PROBLEM TO SOLVE: From the records below, output exactly the lines starting at the line with "Steel Reinforcement Cage" and ending at the line with "HyperX FURY S - Pro", both of them included, but no pictures.

MATERIAL TO PROCESS:
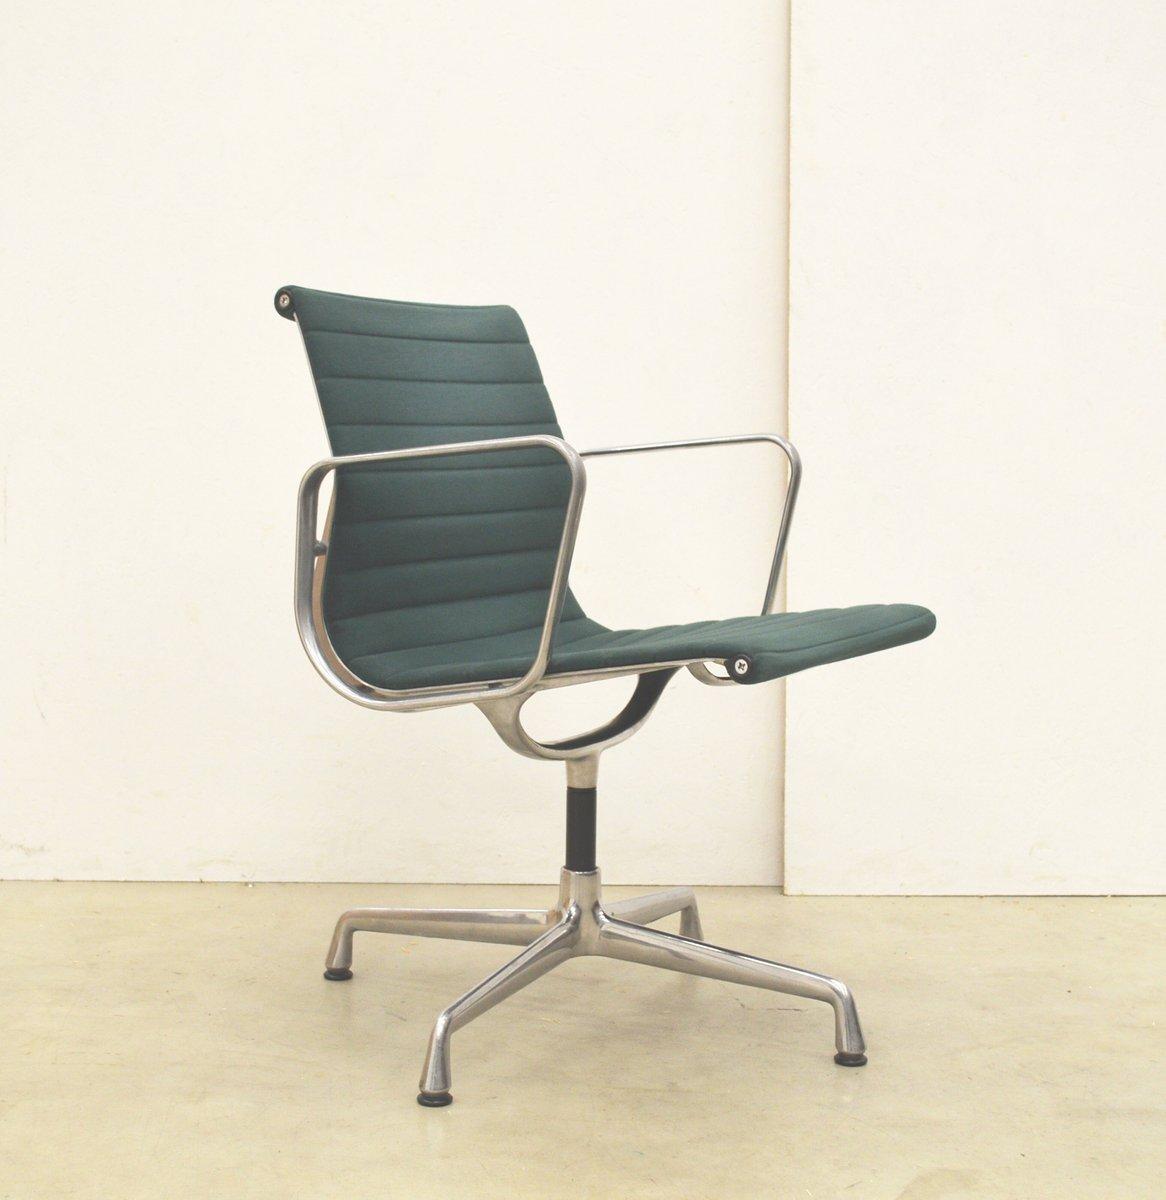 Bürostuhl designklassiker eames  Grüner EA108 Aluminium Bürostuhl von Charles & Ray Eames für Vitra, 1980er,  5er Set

...

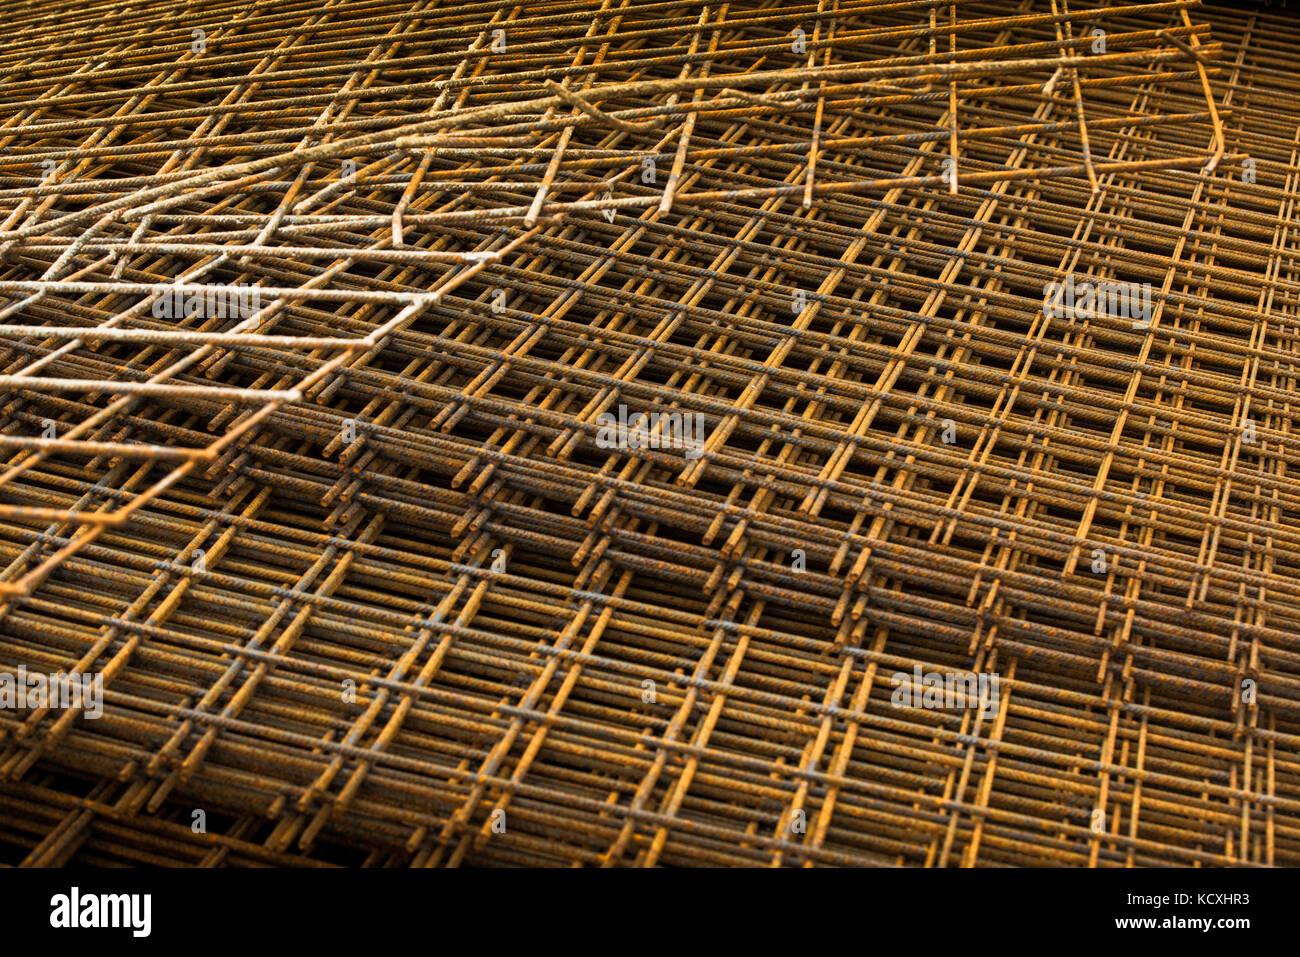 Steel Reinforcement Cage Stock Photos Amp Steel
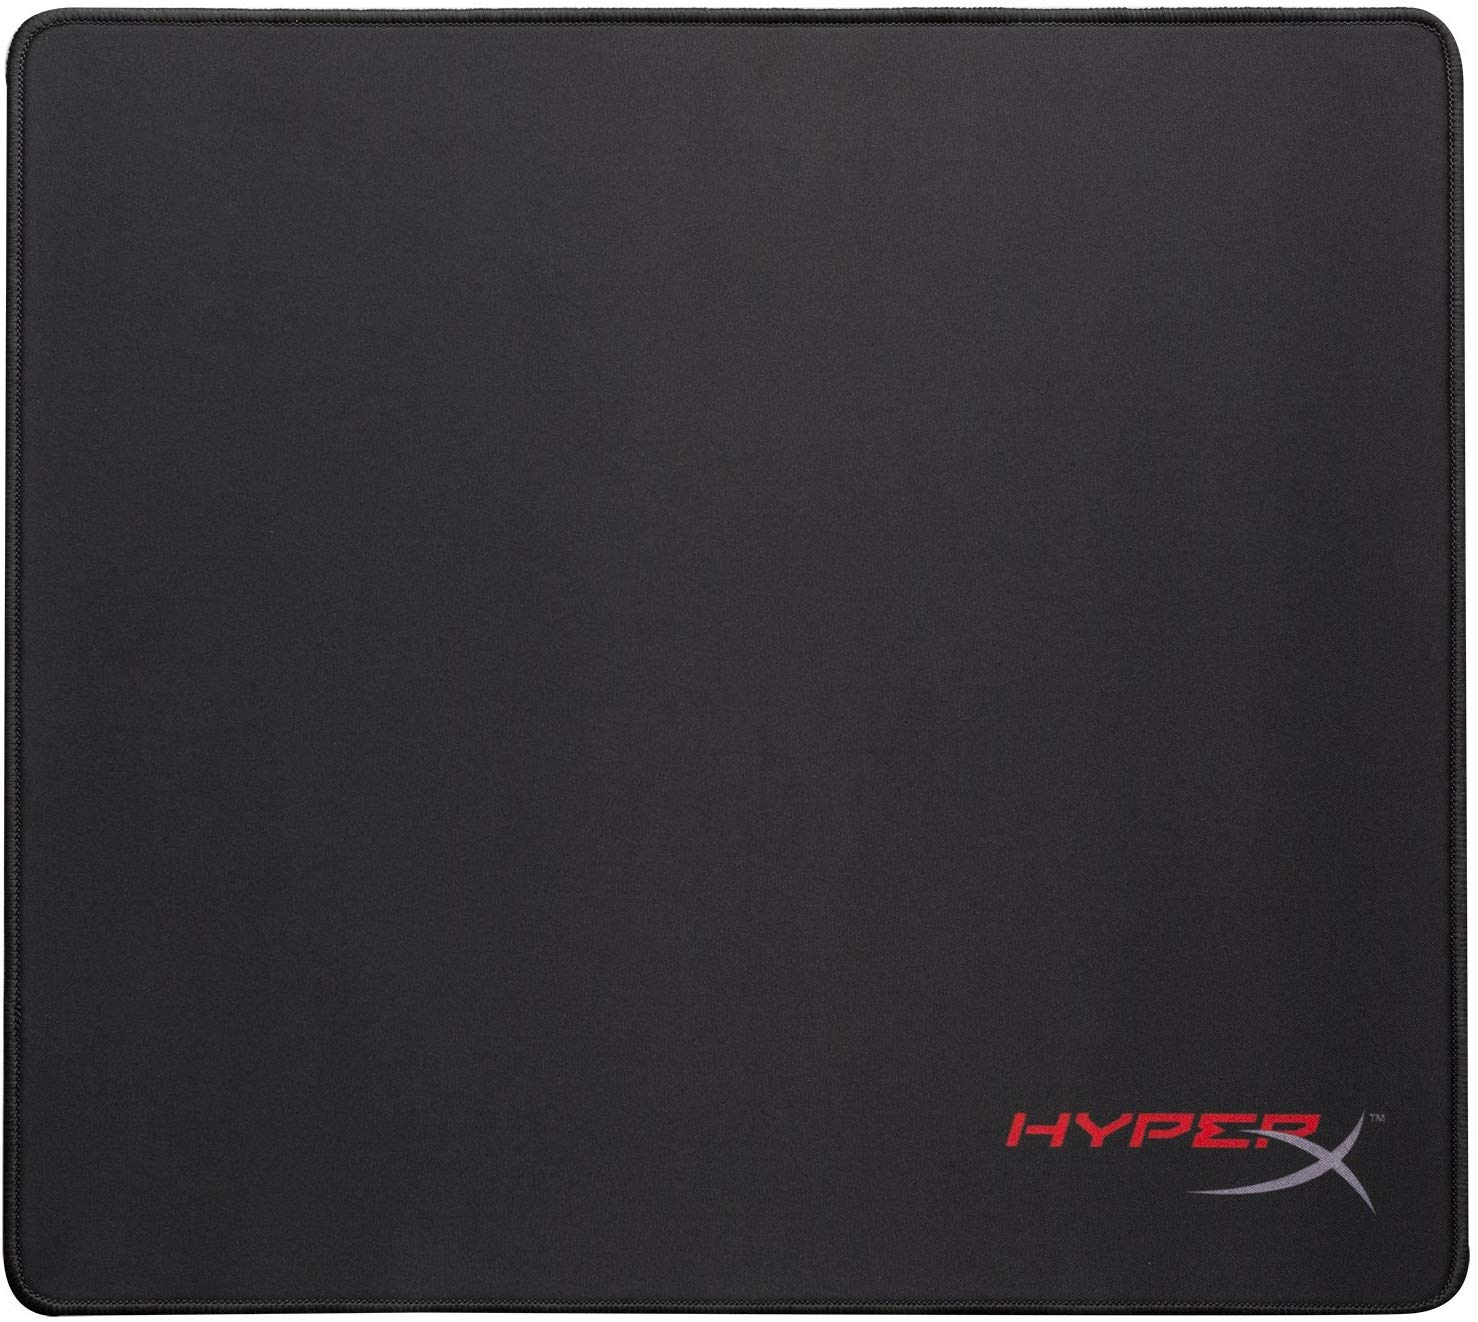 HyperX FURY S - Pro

WRITTEN SOLUTION:
 Steel Reinforcement Cage Stock Photos Amp Steel
 HyperX FURY S - Pro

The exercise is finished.